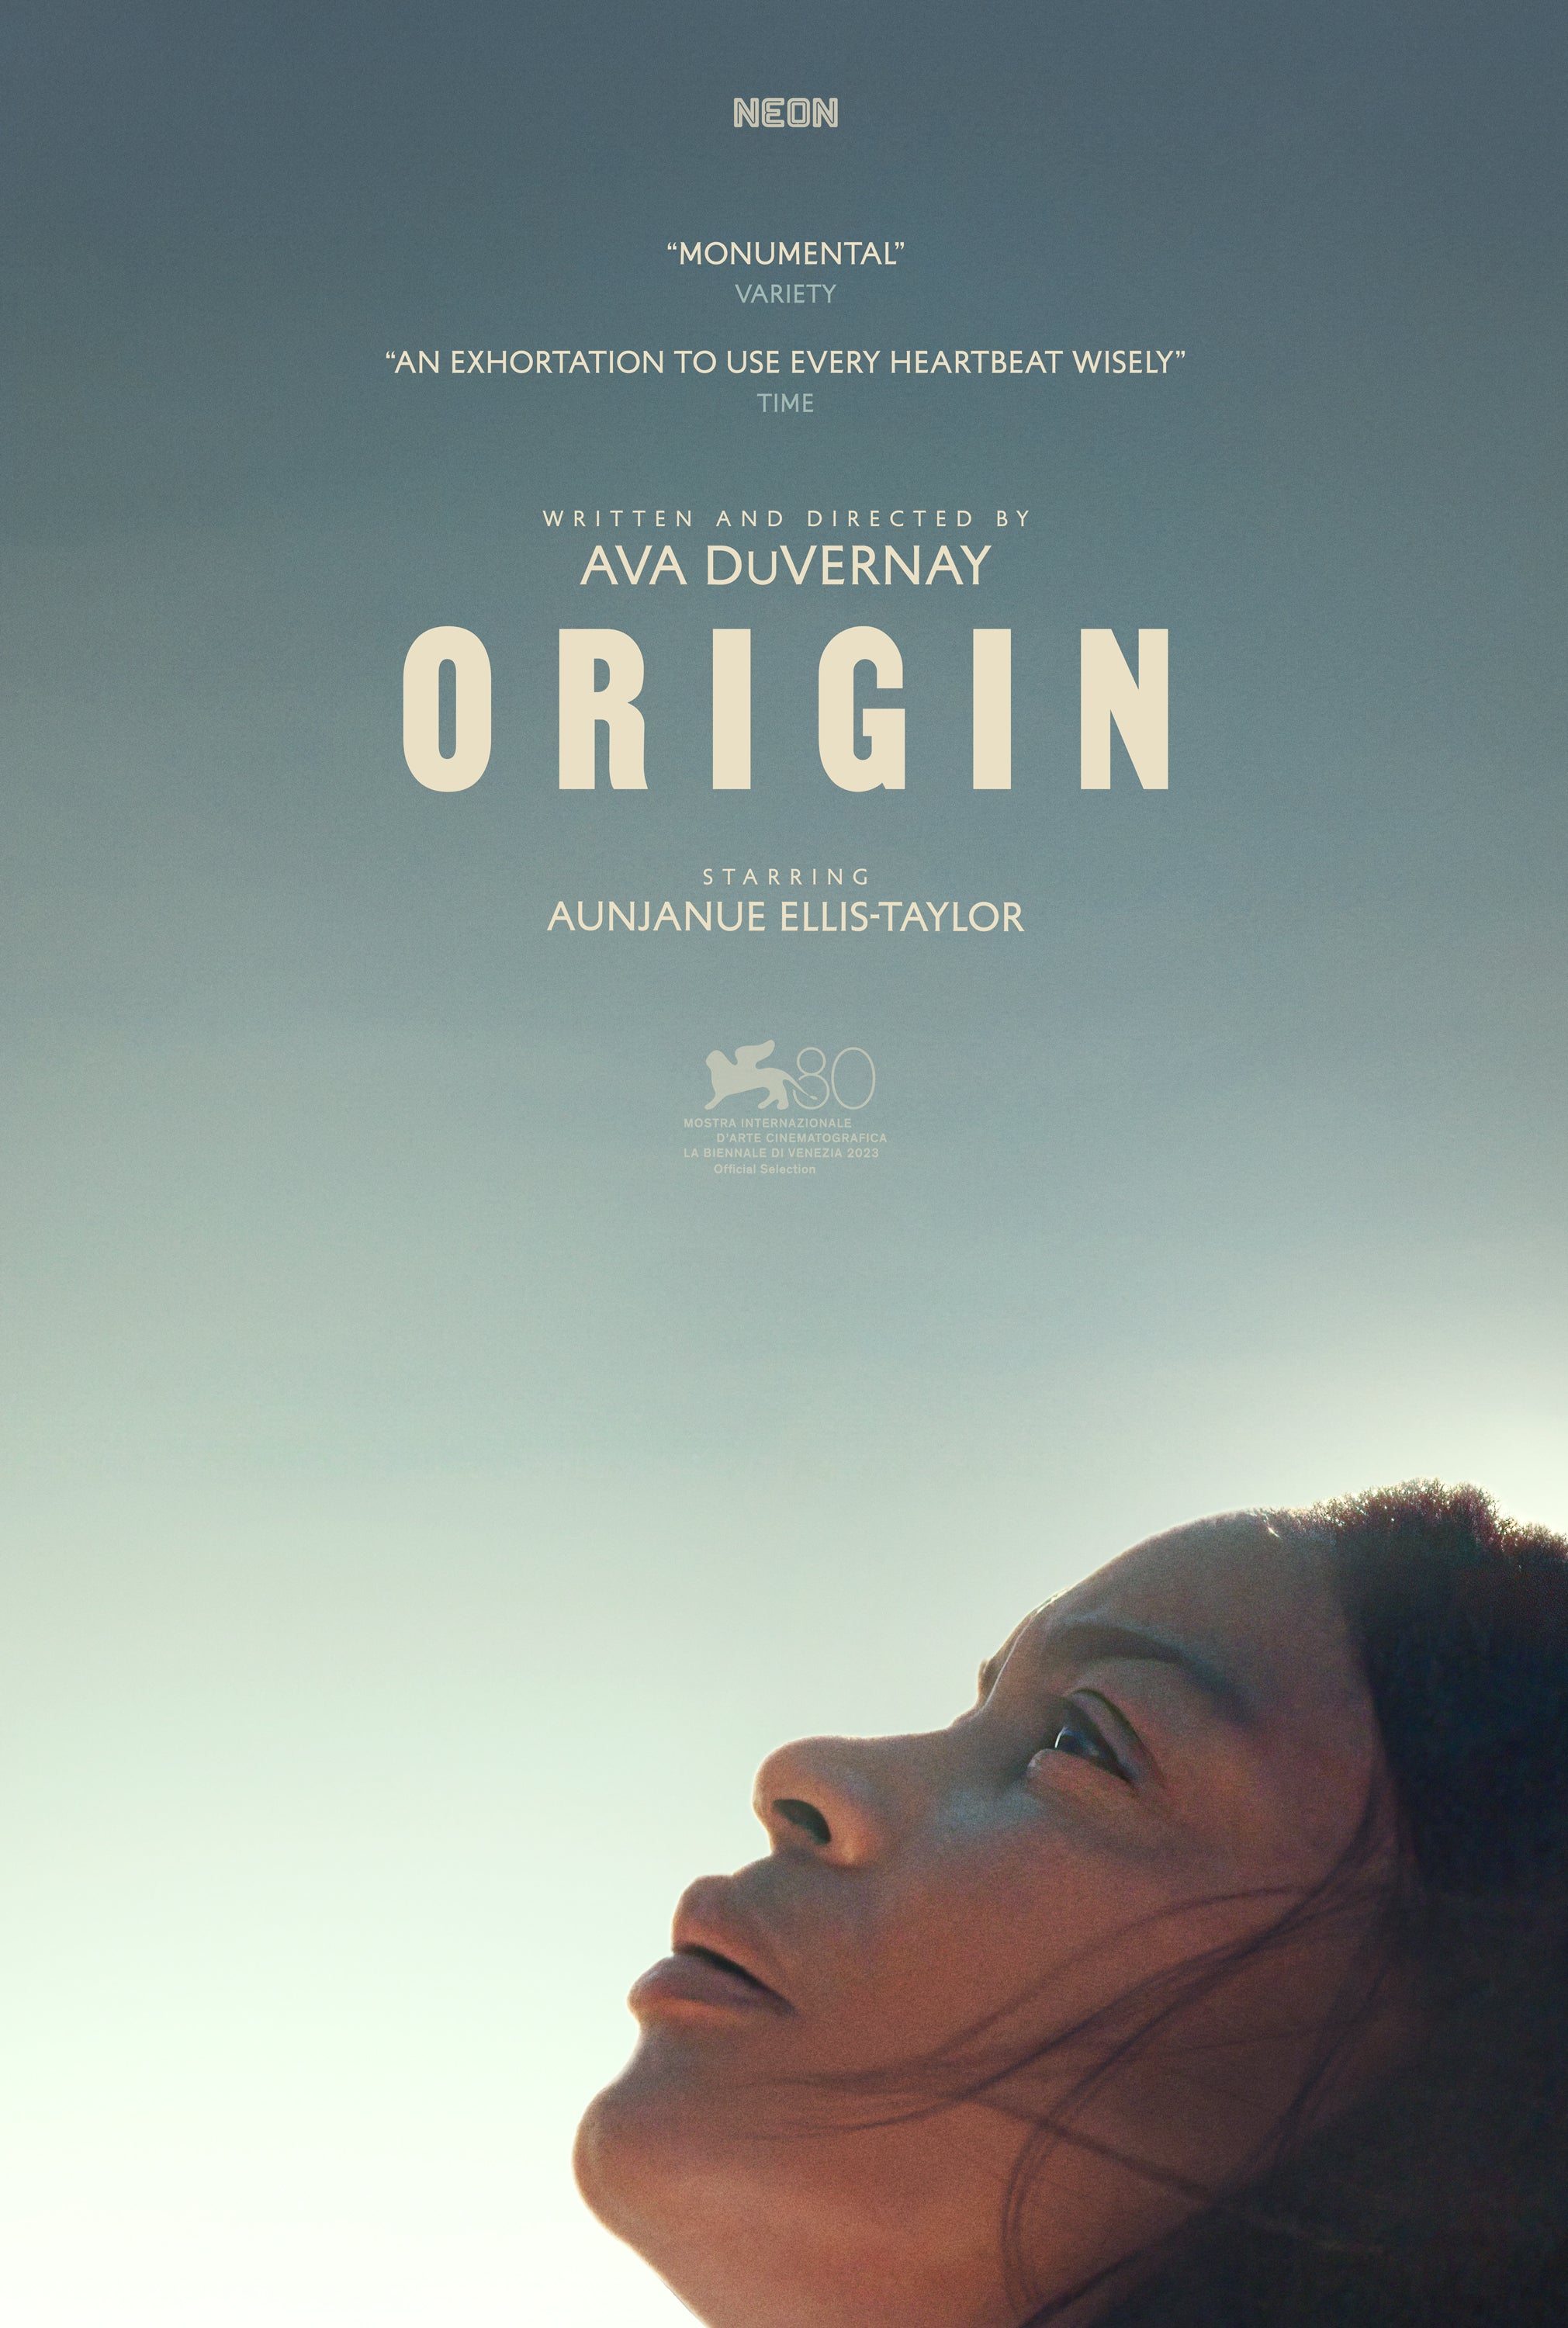 Ava DuVernay new film - “Origin”
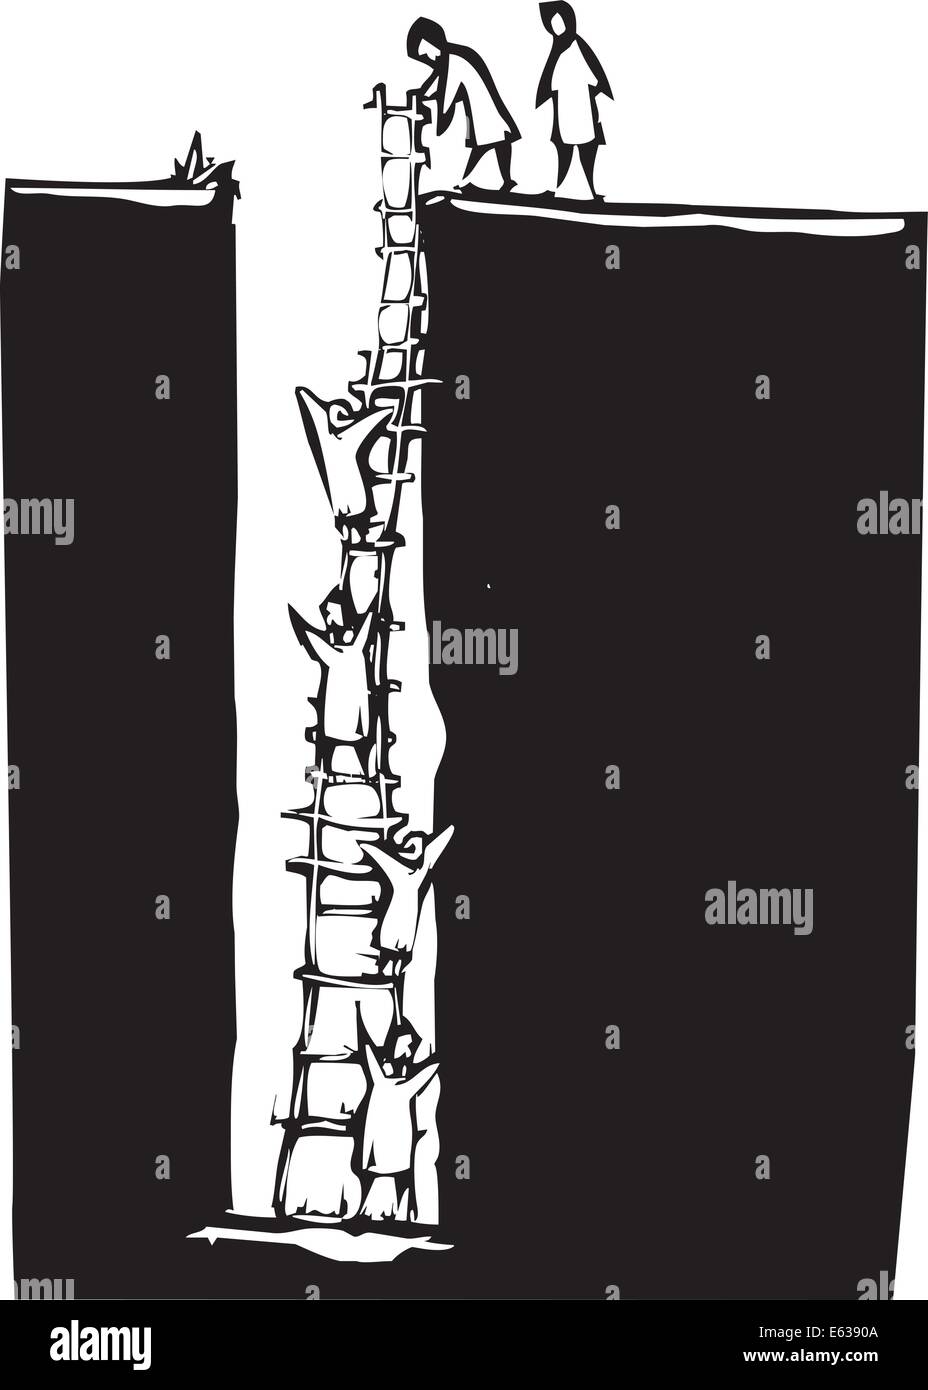 Holzschnitt-Stil Bild von Menschen, die aus einem tiefen Loch über eine Leiter klettern. Stock Vektor
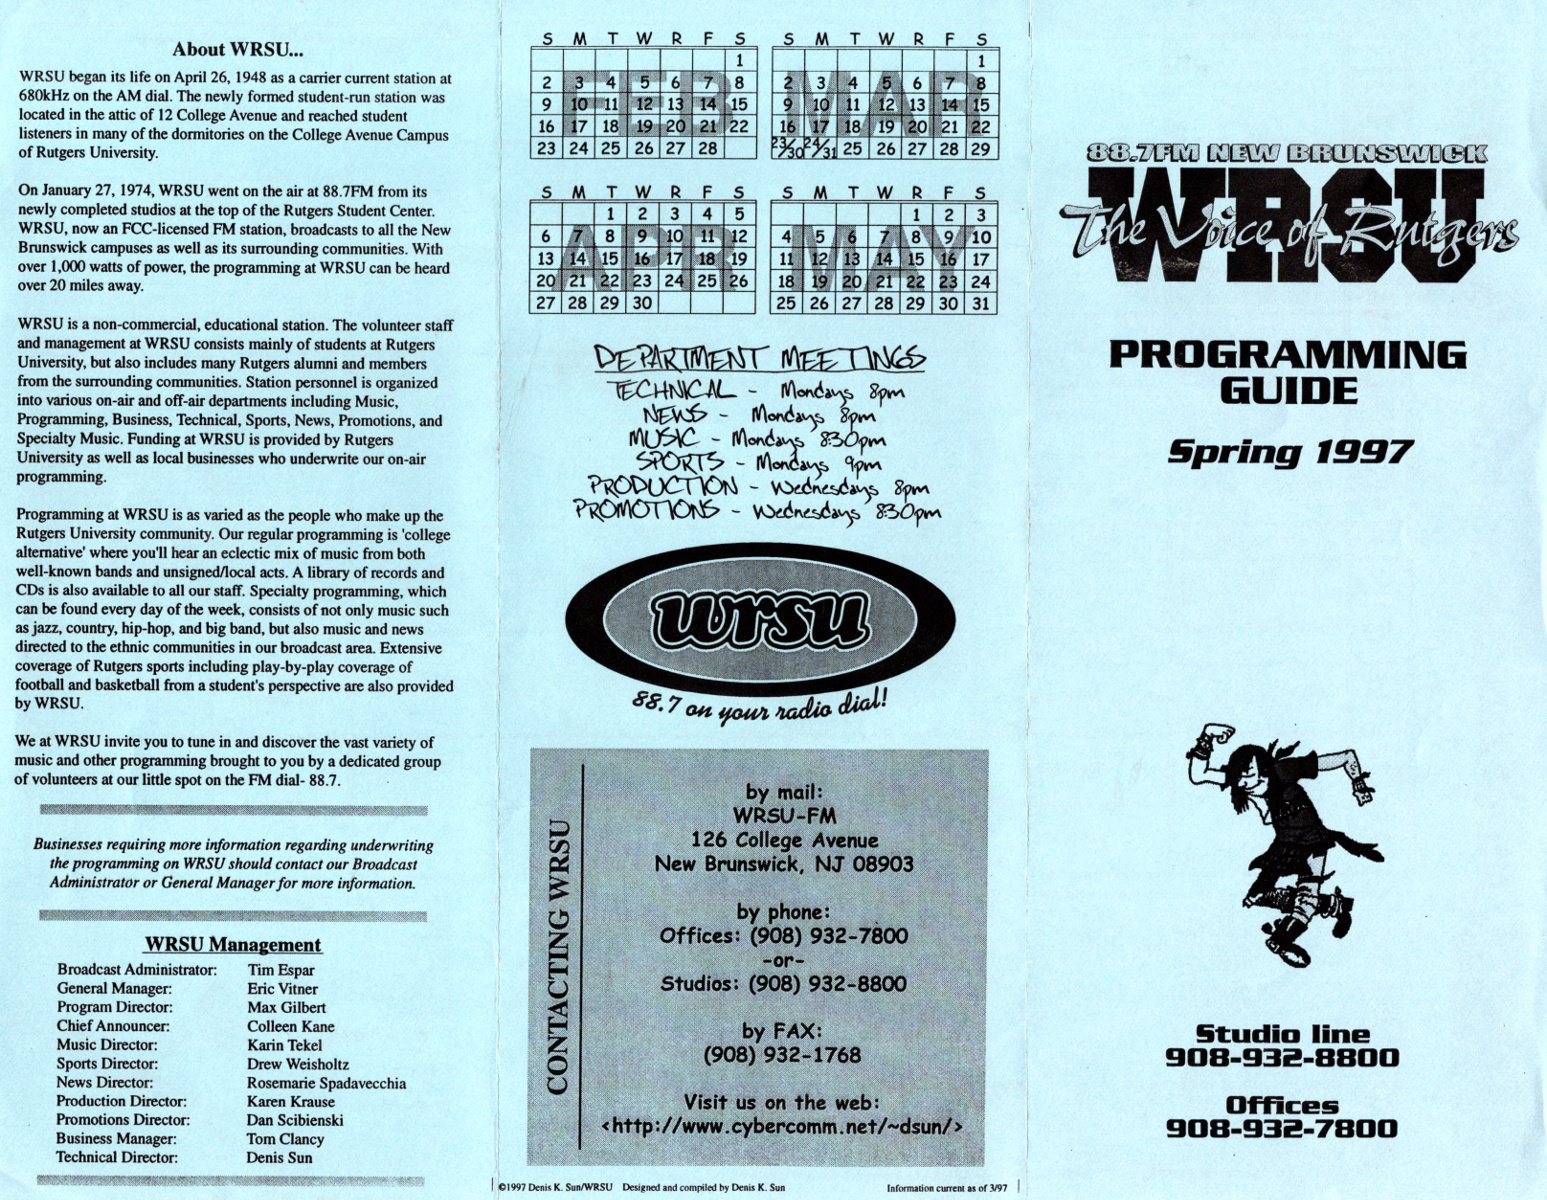 1997 Program Guide

☆ ☆ ☆ ☆ ☆ ☆ ☆

▶ [Work instructions] Exactly the lines from the one containing "Holzschnitt-Stil Bild von" through the end of the data above: repeat those, both ends included, and nothing else. Skip the pictures.

▶ [Result]
 Holzschnitt-Stil Bild von Menschen, die aus einem tiefen Loch über eine Leiter klettern. Stock Vektor
 1997 Program Guide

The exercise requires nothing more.